Декрет вывесили ранним утром на дверях большого дома, так что
Костекальд, отправляясь на службу, сейчас же налетел на эту пощечину. И
очень скоро всем стало ясно, насколько был прав Тартарен, что так смело
действовал.
Часа через два перед резиденцией появилось человек двадцать
недовольных, вооруженных до зубов.
- Долой губернатора!.. - кричали они. - Смерть ему!.. В Рону его!.. Вот
его куда!.. Вот его куда!.. Пусть подает в отставку! В отставку!
За этим сбродом следовал почтенный Экскурбаньес и ревел громче всех:
- В отставку!.. _Двайте шумэть_!.. В отставку!..
На их несчастье, дождь лил как из ведра, и в одной руке они держали
ружье, а в другой - зонт. А правительство, со своей стороны, приняло меры.
Перейдя Малую Рону, мятежники подошли к блокгаузу и увидели такую
картину.
В распахнутом настежь окне второго этажа был виден Тартарен со своим
тридцатидвухзарядным винчестером, а за ним - преданные ему охотники во
главе с маркизом дез Эспазетом, стрелки по фуражкам или, вернее, по
консервным банкам, стрелки, которые на расстоянии трехсот шагов по счету
"четыре" всадят пулю в кружок этикетки от ящика с пампери.
Внизу, на крыльце, отец Баталье, склонившись над чугунной пушкой, ждал
только сигнала губернатора.
Это было до того неожиданно, до того грозен был вид приведенной в
боевую готовность артиллерии, что бунтовщики тотчас же отступили, а
Экскурбаньес, которому была свойственна внезапная смена настроений, начал
танцевать под самым окном Тартарена дикий танец, который он цинично
называл "пляской победы", и орать во всю мочь:
- Да здравствует губернатор!.. Да здравствует существующий порядок!..

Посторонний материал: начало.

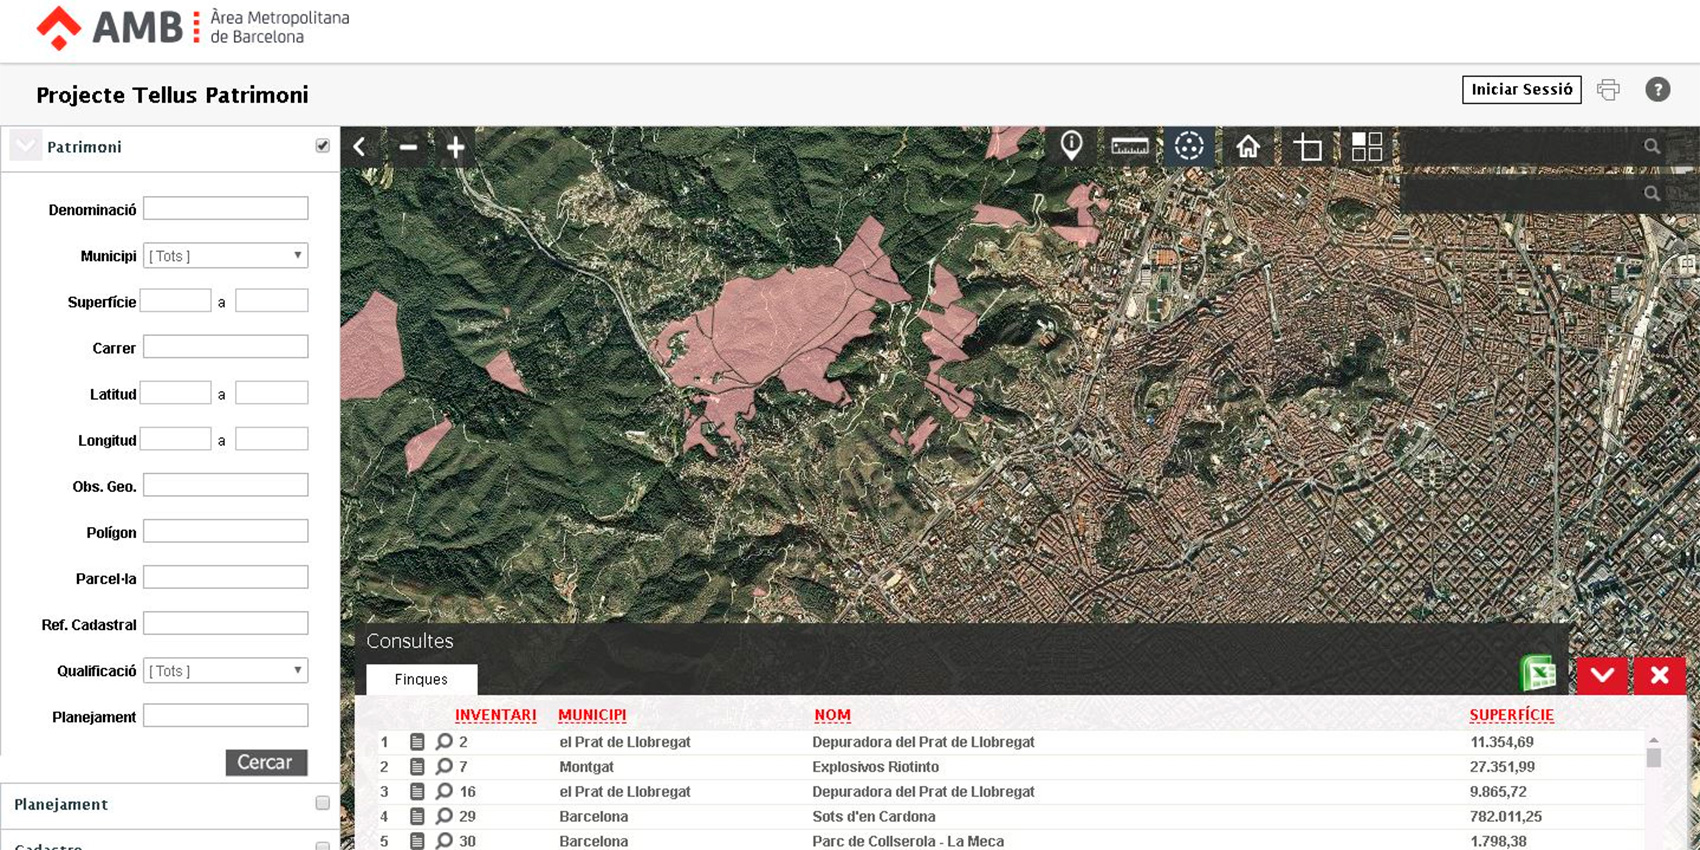 Mapa interactivo de AMB, para la gestin y consulta del patrimonio local

_Двайте шумэть_!.. Хо-хо-хо!
Сверху раздался зычный голос Тартарена, по-прежнему сжимавшего в руке
винчестер:
- Разойдитесь по домам, господа недовольные!.. Я не хочу, чтобы вы
стояли тут и мокли под дождем. Завтра мы соберем наш добрый народ и
поставим вопрос о доверии. А пока что сохраняйте спокойствие, не то
пеняйте на себя!
На другой день состоялось голосование, и "Существующий порядок" получил
подавляющее большинство голосов.
Несколько дней спустя после смуты произошло событие радостное, а именно
- крестины юной Лики-Рики, маленькой папуасской принцессы, дочери короля
Негонко, воспитанницы его преподобия отца Баталье, довершившего ее
обращение, начатое, "слава тебе, господи!", отцом Везолем.
Лики-Рики была прелестная маленькая обезьянка, ладная, статная, гибкая,
пухленькая, а убор желтокожей принцессы составляли коралловое ожерелье и
платье с голубыми полосками, которое ей сшила мадемуазель Турнатуар.
Крестным отцом у нее был губернатор, крестной матерью - г-жа
Бранкебальм.
При крещении ей дали имя Марфы-Марии-Тартарены. По случаю, убийственной
погоды, которая стояла в тот день, как, впрочем, и до и после, крестить ее
нельзя было в храме св.Марфы Латаньерской, оттого что его лиственный навес
давным-давно обрушился и церковь была затоплена.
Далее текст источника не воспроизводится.